The nurse takes my arrival as a chance for her to go on break. It’s my first visit in three months, since I visited at Christmas, and I’m not all that keen on her leaving, as I don’t know what my dad is capable of and not capable of doing. It’s obvious he’s interested in getting up, but he doesn’t know who I am and cannot communicate verbally. He’s shaking and trying to get upright and I am alone with him, not quite knowing what to do. I’m still stunned by how he looks and am forcing back tears.

It’s Easter Sunday and an aide stops by his room. She’s dressed up for the holiday to entertain residents, wearing a pink top hat with bunny ears. She’s cheerful, and senses my discomfort, but says she’s just an aide and doesn’t quite know what to do about my dad’s insistence on standing. She tries to get some kind of support belt around him and I try to convince him to stay put on the bed, until someone more qualified to help comes back. At this point, he thankfully seems to give up on the idea of getting up and lays back down in his bed. The aide helps make him more comfortable, adjusts his blanket, and he turns away from me, laying on his side toward the wall.

Through it all, he looks miserable. I’m still struck by his face, the hollowed out cheeks, his mouth agape in a contorted manner that reminds me a bit too much of the Edvard Munch painting The Scream. He does not look like my father, the gregarious guy who always had so many stories to share and loved to talk. The man who should be sitting down in his Lazy Boy recliner with a bowl of his favorite ice cream covered with Hersey’s syrup, ready to watch the evening news on television. The man who loves Lake Superior and living at his lakeshore home. That man has been gone for quite awhile now and I miss him dearly. His body is left here hanging on, but my dad, he’s no longer with us.

For the next 40 minutes or so I sit by his side reading a novel and waiting to see if he wakes up. The television that’s bolted to the wall overhead behind me is playing the movie, “Pretty Woman,” on cable, complete with commercials. The subtitles are on. I wonder if the nurse had been watching it before I arrived. I know the movie well and between my reading, and watching my father sleep, I take in a scene or two from the movie. Julia Roberts’ character Vivian walks into the fancy boutique that wouldn’t serve her when she was dressed in her hooker outfit, and lets the bitchy sales woman know she made a big mistake - huge! A bit later she’s in the bathtub with Richard Gere’s Edward, offering up some therapy via her long legs. My familiarity with the movie serves as a good distraction from the sad and heartbreaking reality of seeing my father in his current state.

My Grandma Norma always referred to my dad as her little boy. I think about how sad Grandma Norma would be to see her little boy this way. He was a good son to her, always talking to her on the phone and cutting her grass in the summer, shoveling her snow in the winter. I’m not religious, but I still take comfort in the idea of her watching over him and welcoming him to the otherside when the time comes.

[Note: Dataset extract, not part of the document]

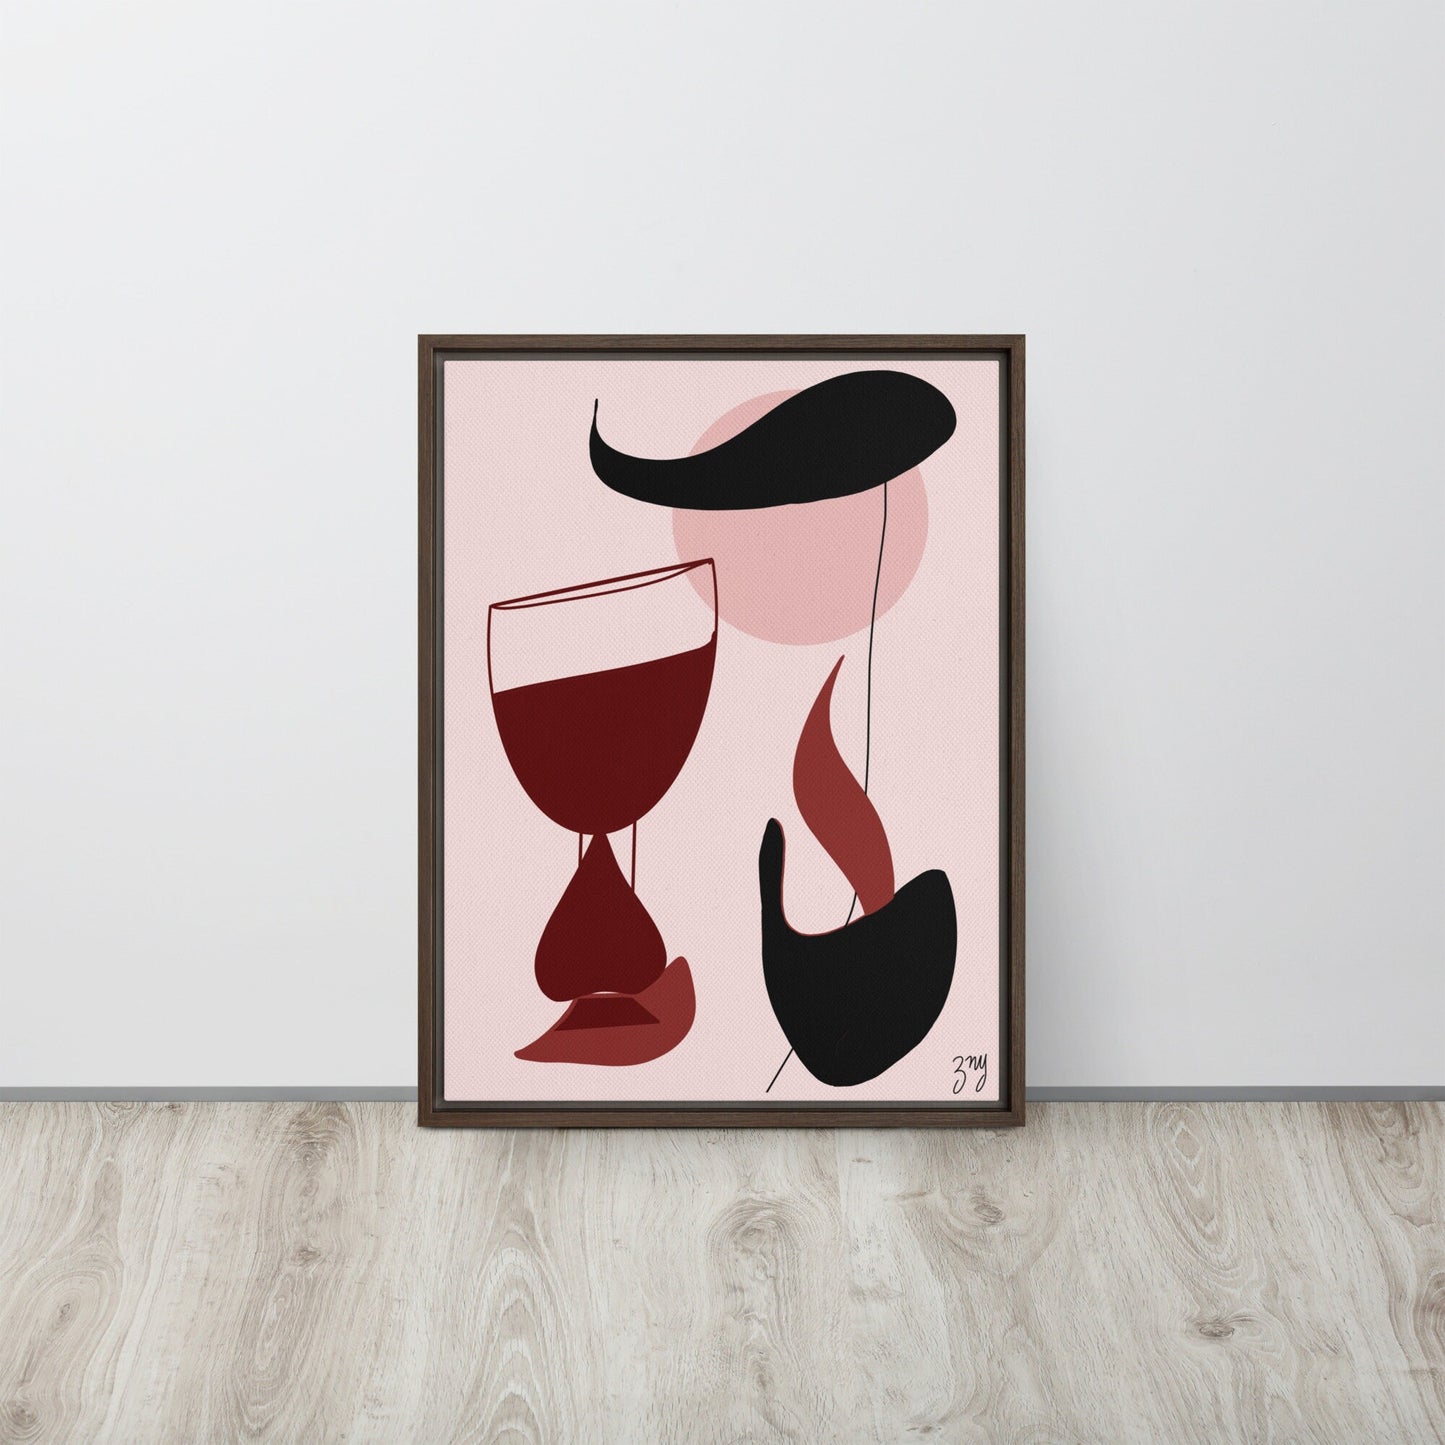 The Good Wine Framed Canvas Collection. Wall Art, Artwork, Abstract Art, Modern Art, Mid Century Art

The next morning I’m up early and can’t fall back asleep. Instead I watch my little boy, my William, peacefully sleeping as the dawn’s early light filters into the room. I listen to his soft, even breathing and I think back to my poor father in his bed, so twisted. My father, my son - and here I am in the middle. Seventy-six years separate them — a whole lifetime. I think about all the ways my dad has influenced me throughout my life and I think about all the ways I have and will influence William's life. I hold out hope that I can do half as well as my dad did, because if I can, I consider that a big win.